What to work on >> In the listing that follows, find the line with "Toi-toys Sofie Paard", then copy exactly from it through the line with "Familia — Fem Barcelona", leaving out every picture.

Material for this task >>
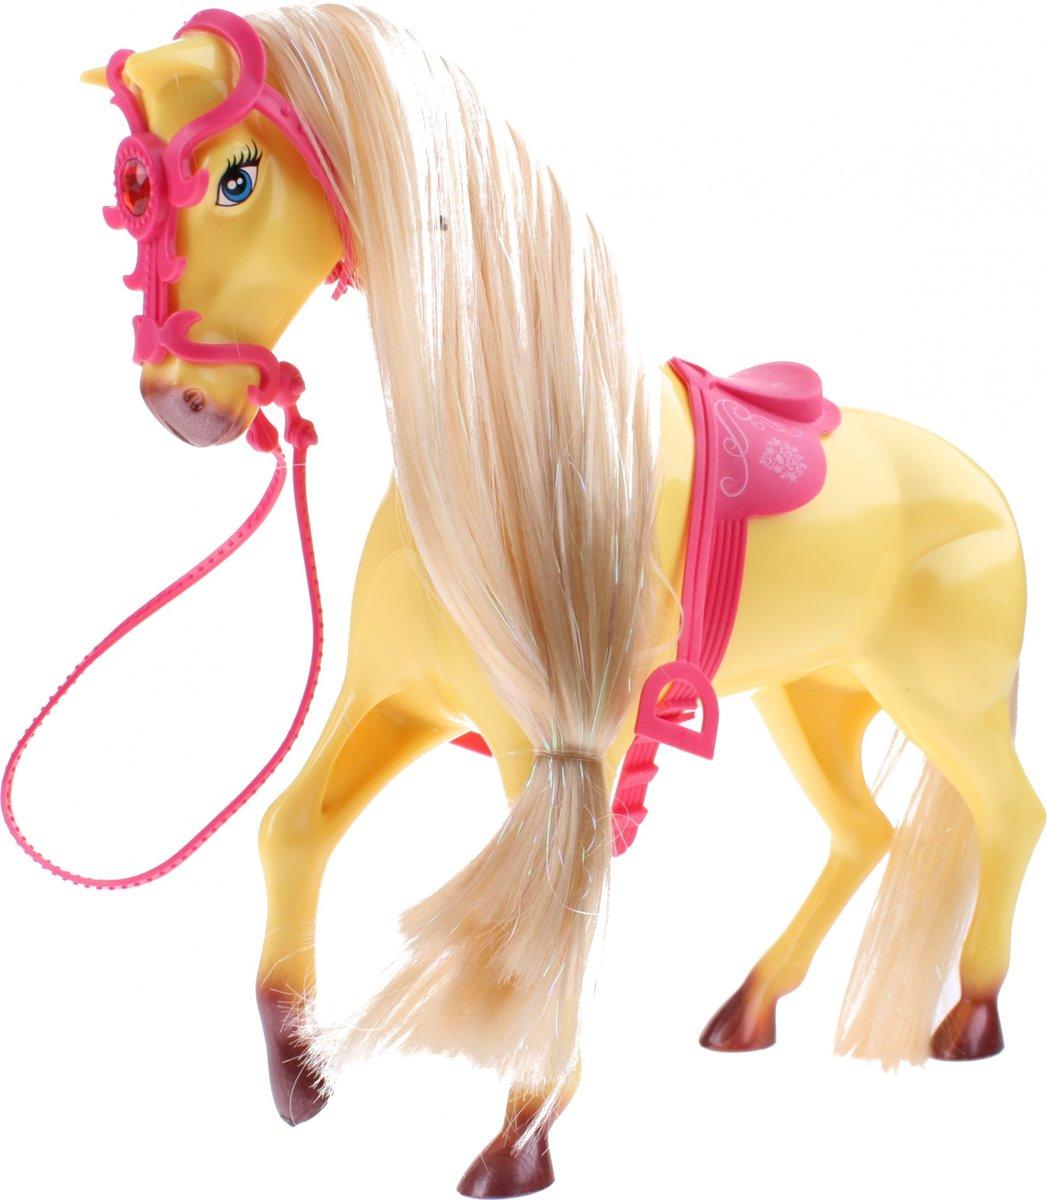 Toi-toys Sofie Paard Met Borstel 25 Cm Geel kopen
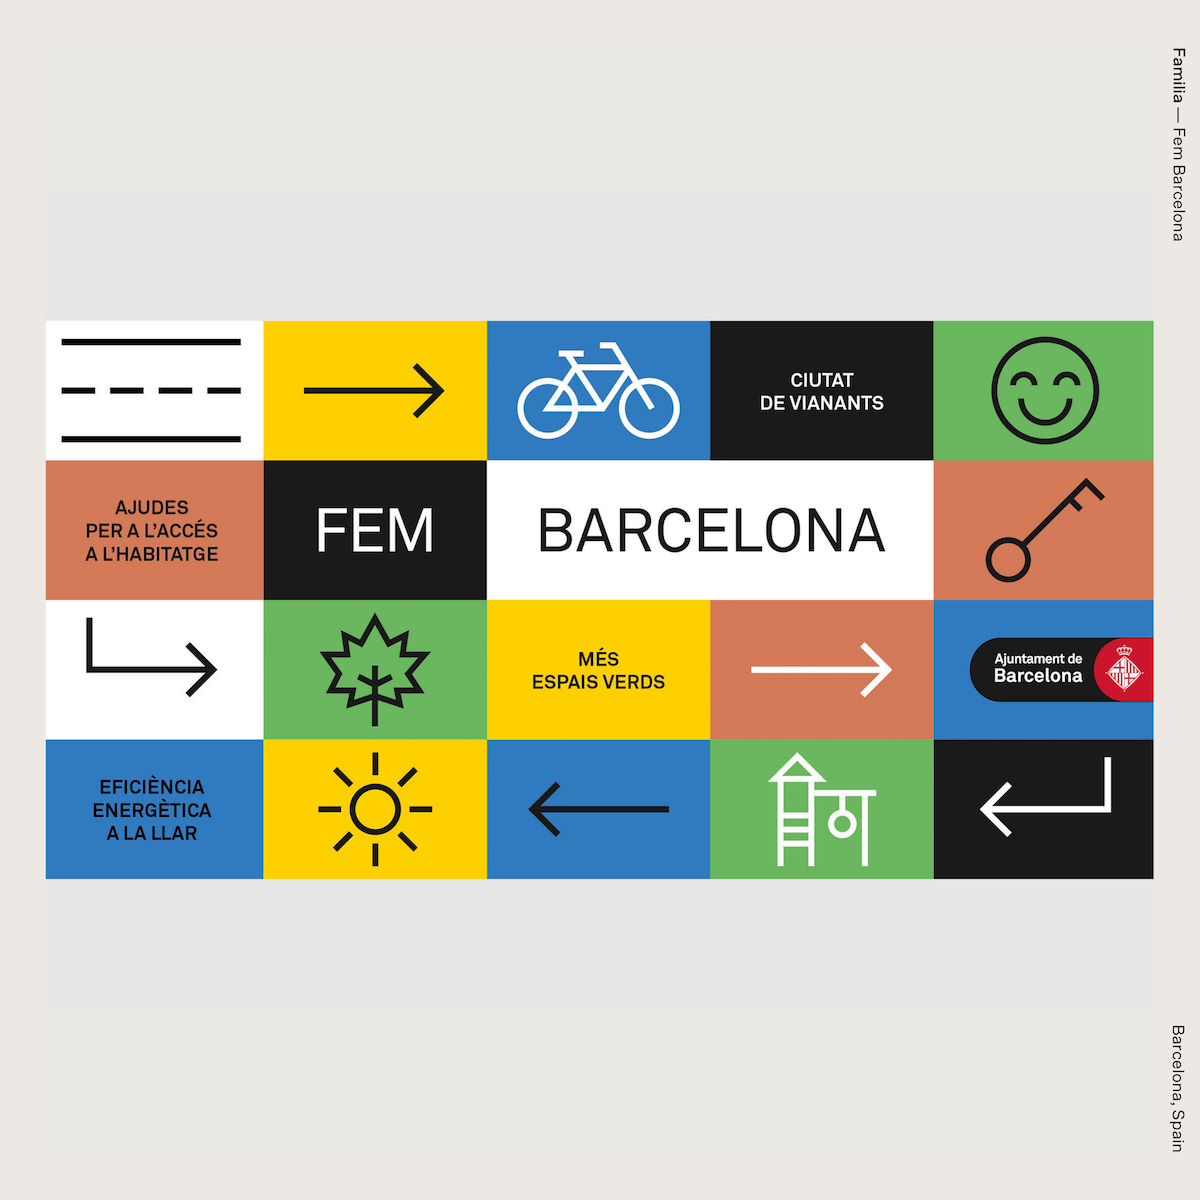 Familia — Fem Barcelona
...
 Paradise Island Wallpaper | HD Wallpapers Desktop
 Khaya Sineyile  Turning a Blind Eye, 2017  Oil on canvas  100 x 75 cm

Answer for the task >>
 Toi-toys Sofie Paard Met Borstel 25 Cm Geel kopen
 Familia — Fem Barcelona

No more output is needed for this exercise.